Nothing says "I love you" like a full raw dog.
i just woke up at 8pm naked in my bed, with a fresh haircut. I wonder what barber i went to.
A true measure of a good friend is how long she responds to her friends drunken illogical texts. Youre a champ.
just asked if they'd gift wrap go-go taquitos for you at 7-eleven
Restaurants Roasting People Who Gave Them Negative Yelp Reviews (25 Pics)
I could seriously attempt to try and saw my head in half with a butter knife cause im pretty sure it could not hurt any more than it already does
Selling drugs in raindeer antlers is the best way to spread christmas cheer
Why would I send you a picture of it when I could just steal the gnome and put it in your bed with you? Admit it, he looks just like gnomeo!
I literally just wiped coffee off of the corner of my mouth with my boob because my hands were full. Thought youd be proud. Good morning!

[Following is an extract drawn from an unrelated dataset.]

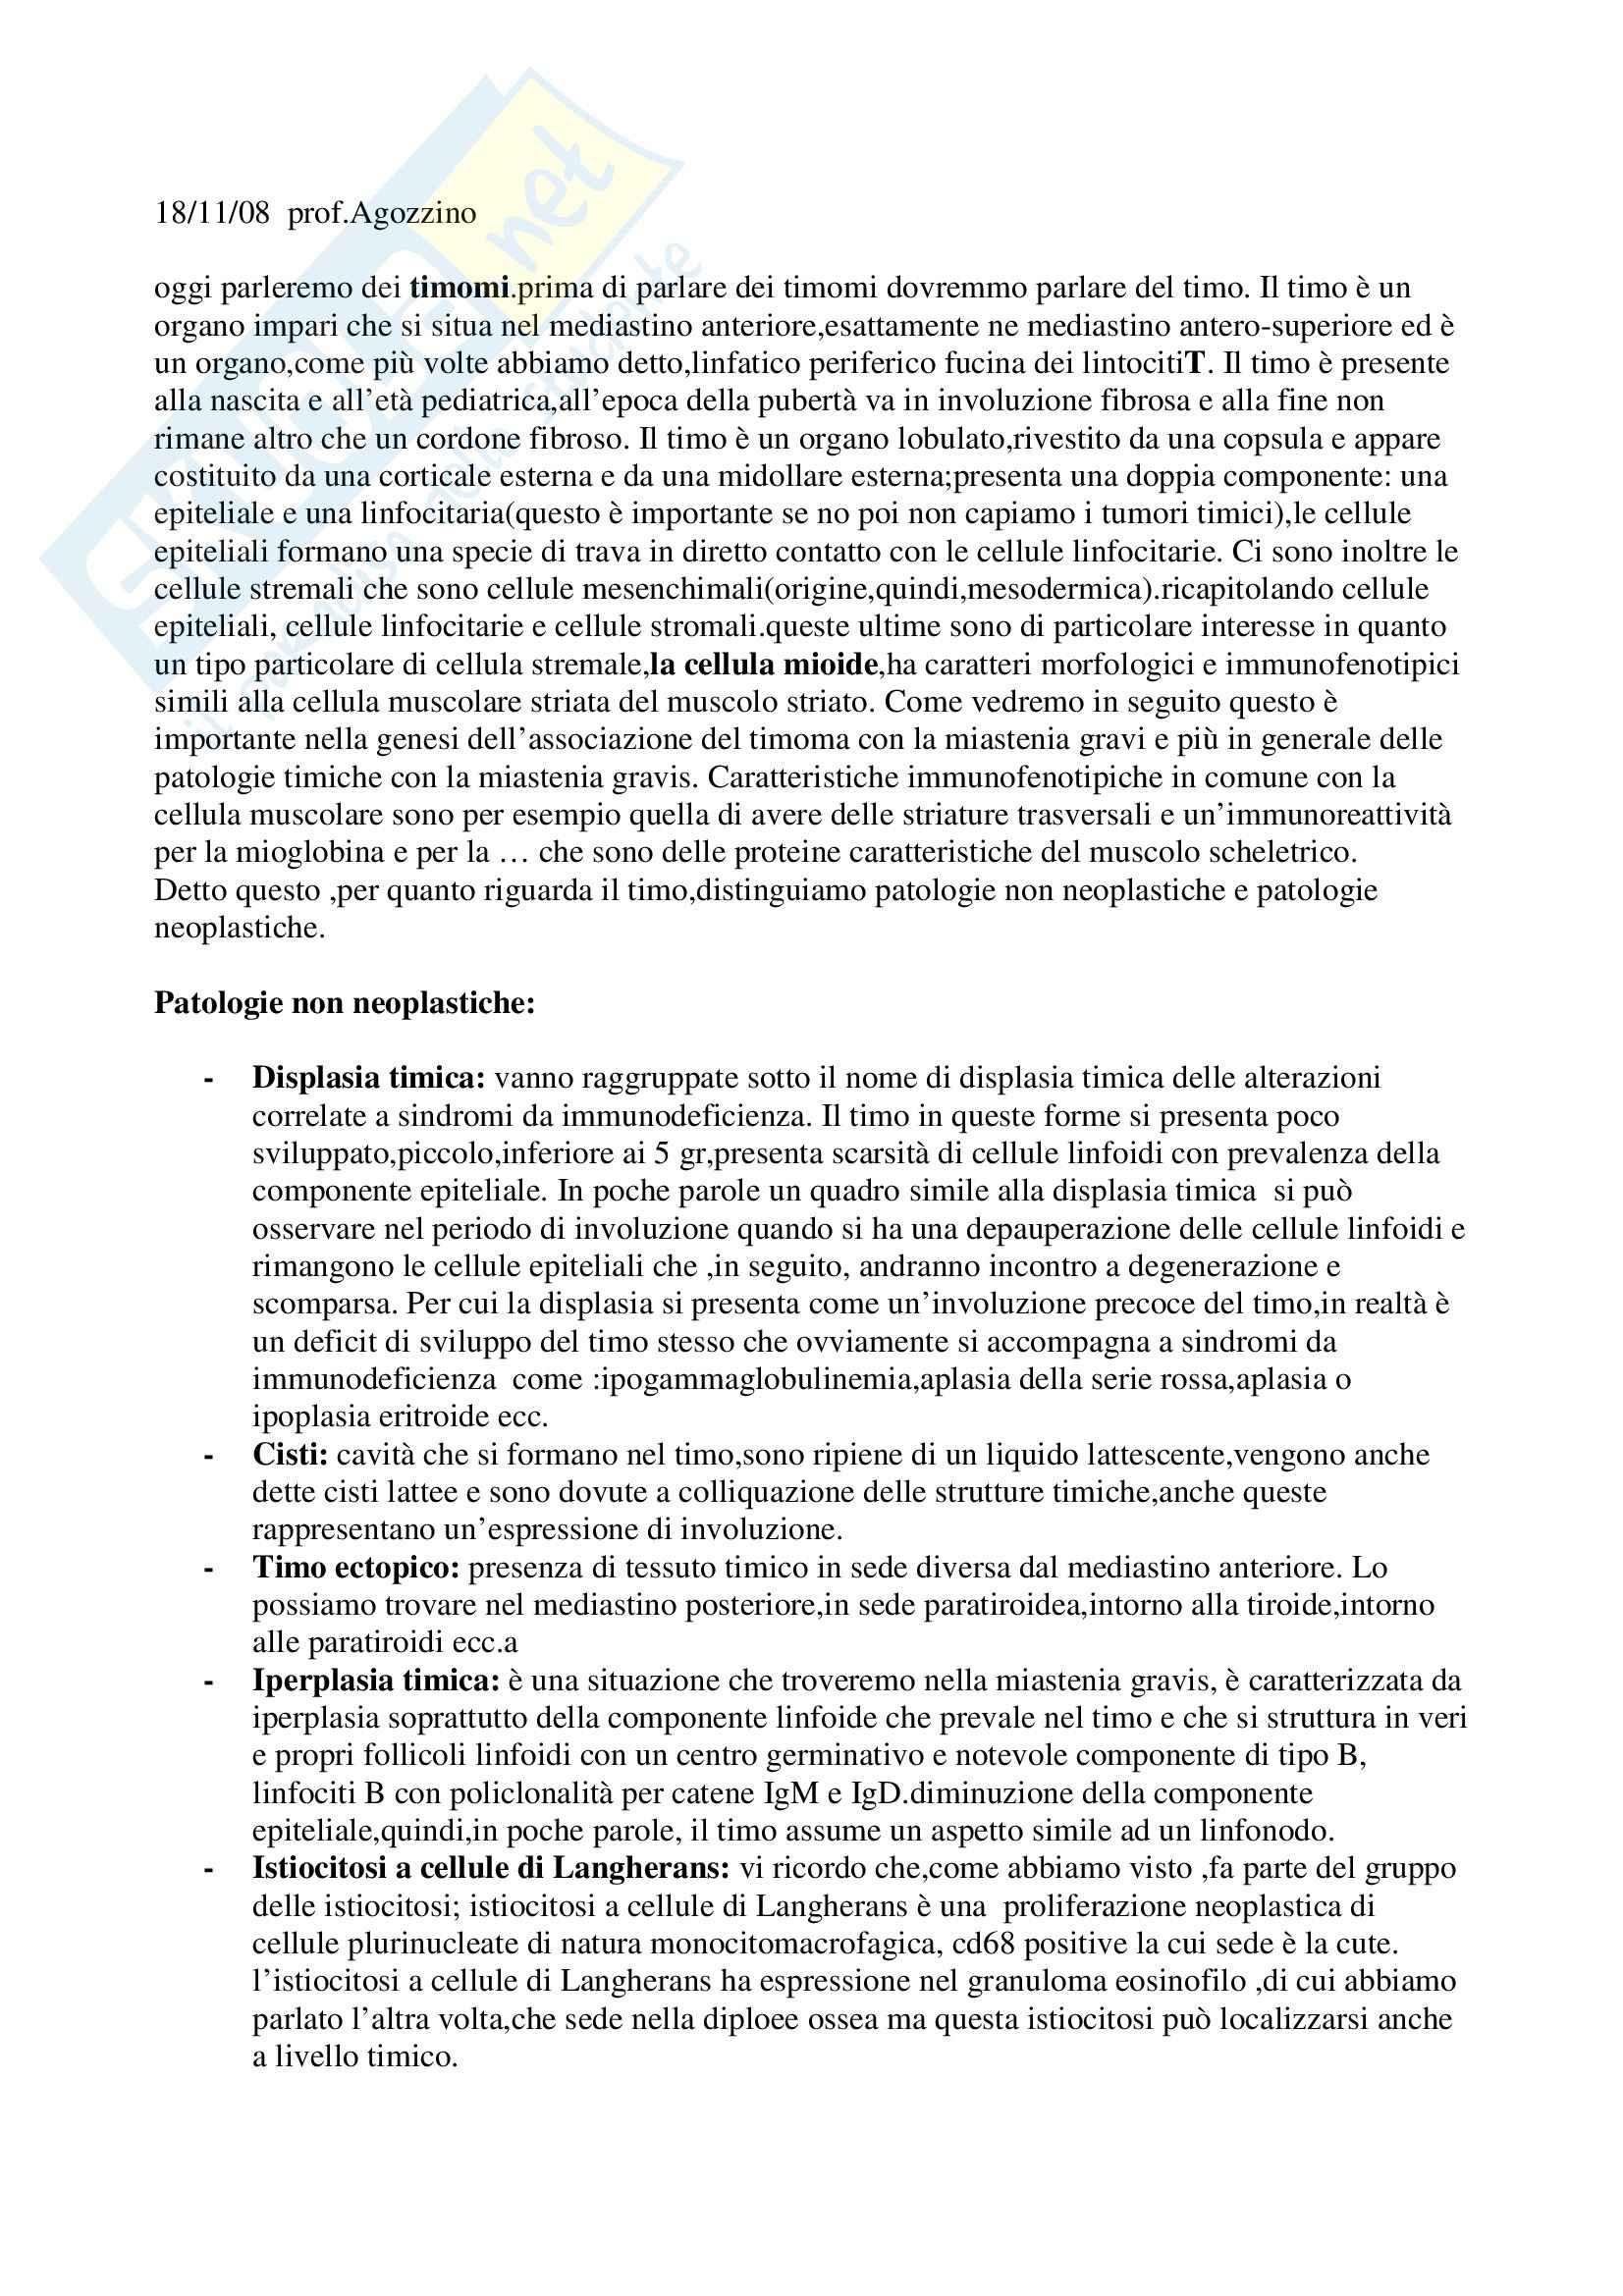 Anatomia patologica - timomi
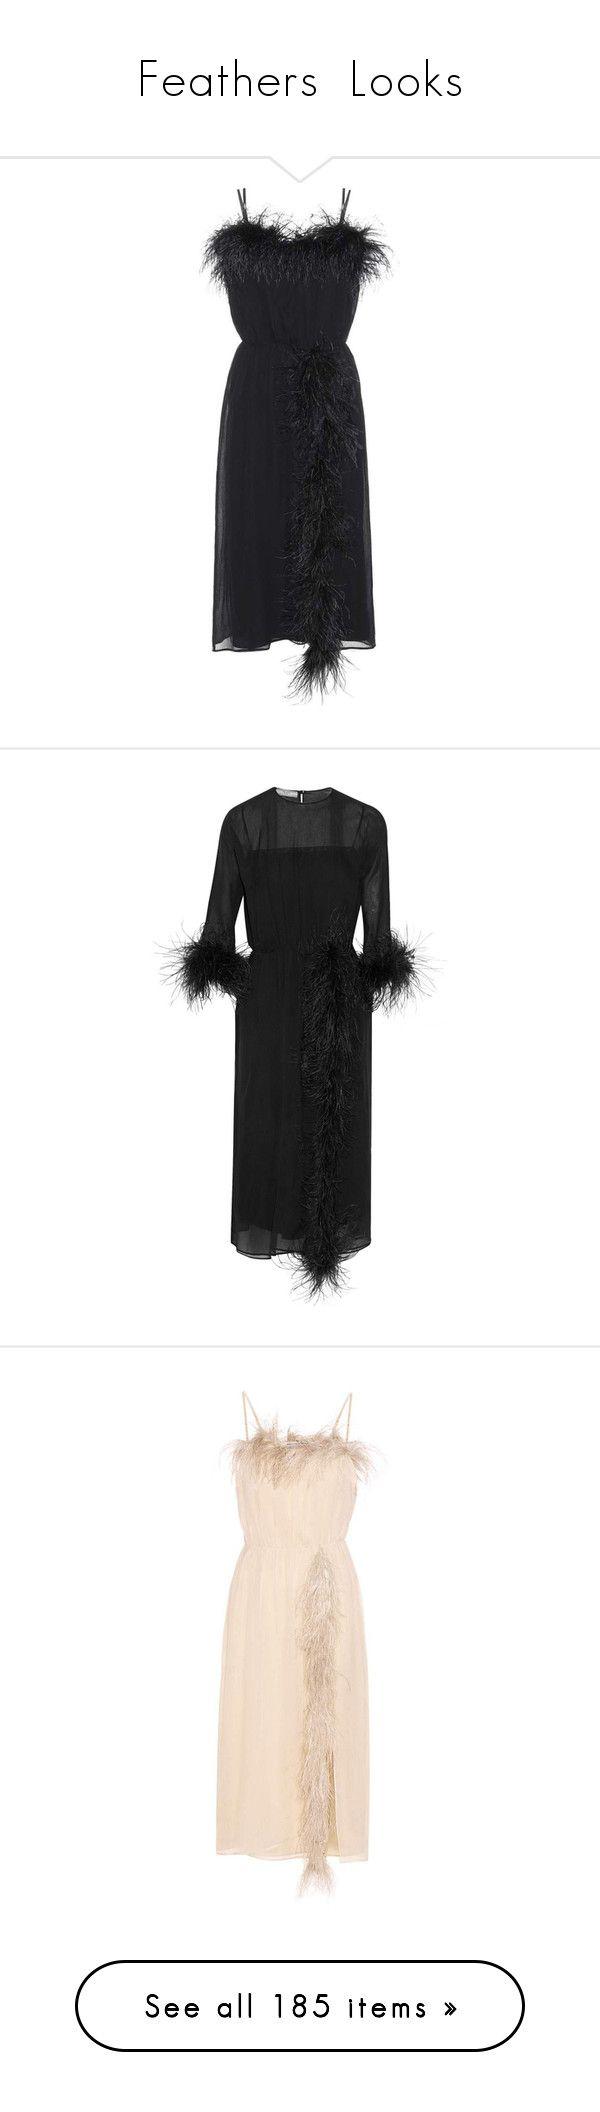 """Feathers  Looks"" by jckyleeah ❤ liked on Polyvore featuring feathers, jckyleeahfeatherscollection, dresses, prada, black, silk cocktail dress, silk dress, prada dresses, feather trim dress and keyhole midi dress"

Just got convinced to trip sit for a pack of cigarettes and a burrito. Let the games begin
He is currently tell his hat to go free. Like he has it sitting on the table just waiting for it to take off. When he's not looking I'm gonna throw it off the balcony and tell him it's flying
Woman Posts Harassing DMs From Creep Online, Now He’s Upset Because People Told His Mom
I might as well rub my vagina against it before I throw it away.
I still regret not being there for your blackout into the dumpster last year
When I was drunk texting him about three ways he seemed more interested in just seeing me. And that's when I knew something was wrong with him
There's Dick Pix, Zorro, and The Little Engine that Could. I nickname my fuck buddies for the exact same reason why you don't name animals which you will one day have for dinner.
Just so you know. And I'm telling you this because I care deeply for you. Blue raspberry poptarts taste exactly the same as the regular raspberry ones.
Does this cleavage amount say, “Fuck it, I’m over dating, let’s just fuck?”